= Revolutionary Policy Committee (U.S.) =

The Revolutionary Policy Committee (RPC) was an offshoot of the so-called "Militant" faction in the Socialist Party of America during the middle-1930s. The group sought to transform the SP into a revolutionary socialist organization from its origins as a social democratic political party.

==History==

===Formation of the faction===
The Revolutionary Policy Committee (RPC) was an organized far left faction in the Socialist Party's factional war of 1934 to 1937. While it shared the name and basic objectives of a similar faction in Great Britain established in 1931, the American RPC seems to have been launched only in April 1934. The RPC made itself known with the publication of a thin 12-page pamphlet entitled An Appeal to the Membership of the Socialist Party, a document which prominently featured the names and party positions of about 80 members of the Socialist Party. Prominent sponsors of the 1934 appeal to the membership included Roy Reuther of Detroit, as well as Franz Daniel, Mary Hillyer and J. B. Matthews of New York City, in addition to the National Industrial Organizer of the Young People's Socialist League, Joseph Zameres. According to James Oneal, Frances A. Henson acted as secretary of the faction during its initial phase.
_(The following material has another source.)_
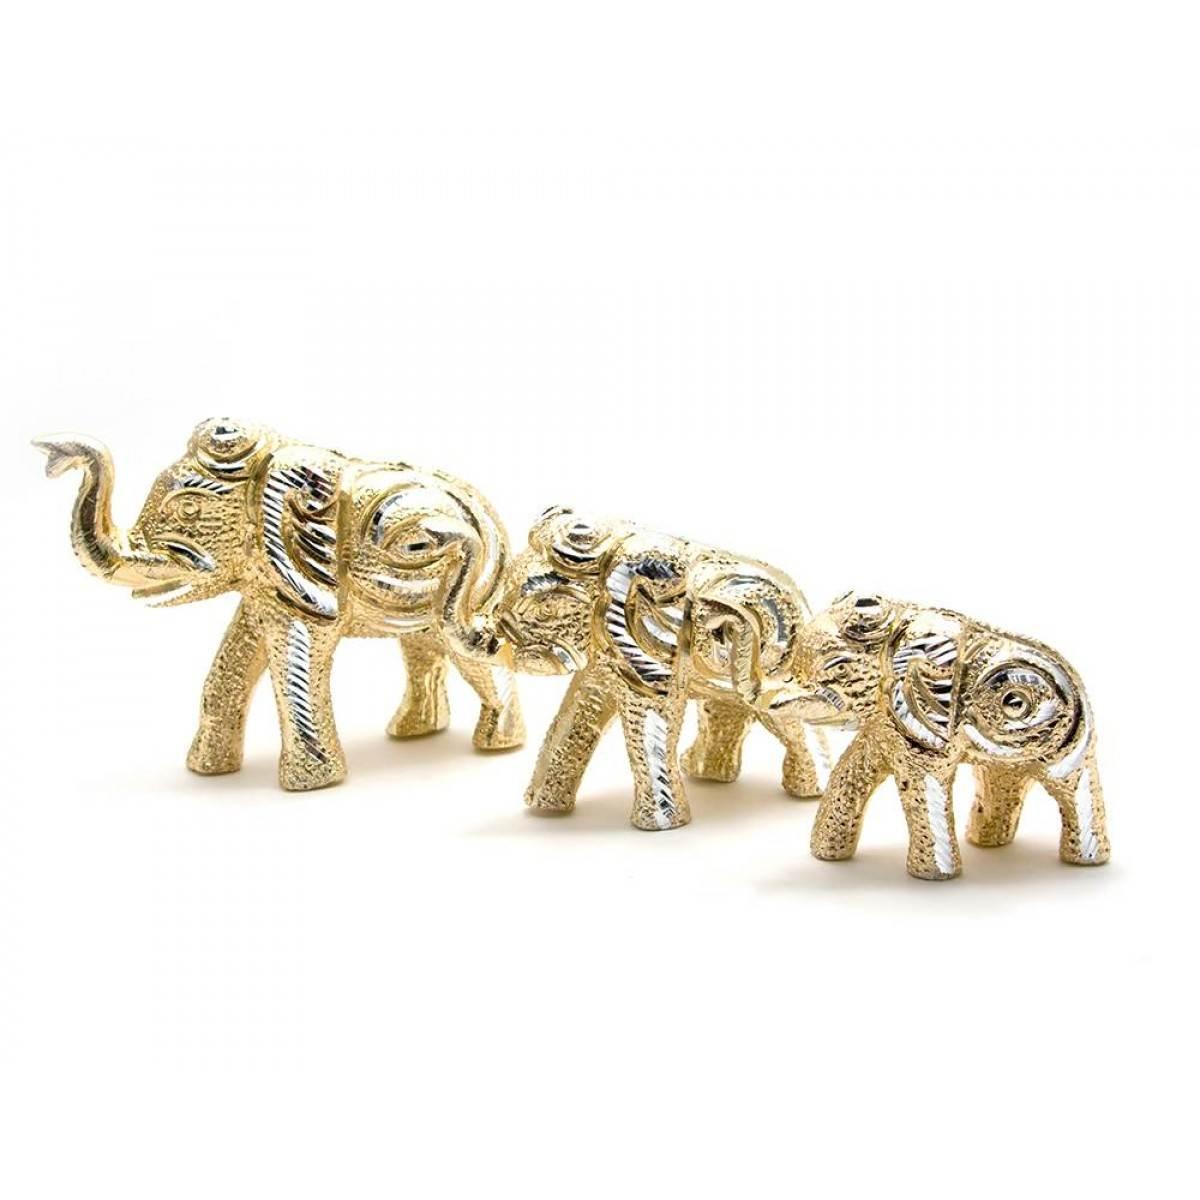 Слоны резные алюминий н-р 3 шт 11,5х7,5см8х6см8х5,5см 25893

According to historian Constance Ashton Myers, the Revolutionary Policy Committee was spearheaded by a "Lovestoneite infiltrator," Irving Brown. Chairman of the group was J.B. Matthews, a former Methodist missionary who would later become chief investigator for the House Committee on Un-American Activities headed by Martin Dies, Jr.

===The 1934 Appeal to the Socialist Party===

The RPC's Appeal was intended to reorient the Socialist Party towards revolutionary socialism from its previous parliamentary tradition. Capitalism was portrayed as a "collapsing structure," all efforts at disarmament "abortive," fascism victorious in Europe, and a "certainty of world catastrophe" imminent. The appeal declared

"The Socialist Party can become the effective instrument for bringing about Socialism only if it changes its present principles and tactics. The small growth in membership and the poor showing at the polls are objective evidence that the program and policies of the Party are not adequate. More important, however, the failure of social democracy to take power in Germany, where the Socialists had gained the support of large numbers of the working people, raises grave questions as to its theoretical soundness."

The RPC provocatively declared that it made "no fetish of legality" in exercising its desire to establish a "Workers' Republic." The April 1934 Appeal asserted:

"Once socialists are in possession of the state machinery by the mandate of the workers, their task is to secure and insure the governmental power for the victorious revolution by arming the workers for its defense against all possibility of a counter-revolutionary resistance, and to proceed to transform the economic and social basis of society."

The RPC demanded that the Socialist Party make "ceaseless efforts toward united action against common enemies" through "united fronts on specific issues." It was, however, highly critical of the Communist Party USA, declaring its so-called "united front from below" tactics had "been proven to be disruptive of the development of a revolutionary labor movement." To oppose this, it postulated that the Socialist Party take the lead in "counteracting these tactics" by "promoting united fronts of all working class organizations for struggle on specific political issues such as: political prisoners, race discrimination, impending war, dangers of fascism, etc."

The April 1934 Appeal also hailed the Soviet Union as the "land of proletarian dictatorship" and demanded that "the Socialist Party must pledge itself to defend the victories for Socialism which have been achieved in the USSR."

The 1934 Appeal was influential in steering the June 1934 Detroit Convention of the Socialist Party towards a radical new Declaration of Principles, a document ultimately written by Norman Thomas' associate Devere Allen.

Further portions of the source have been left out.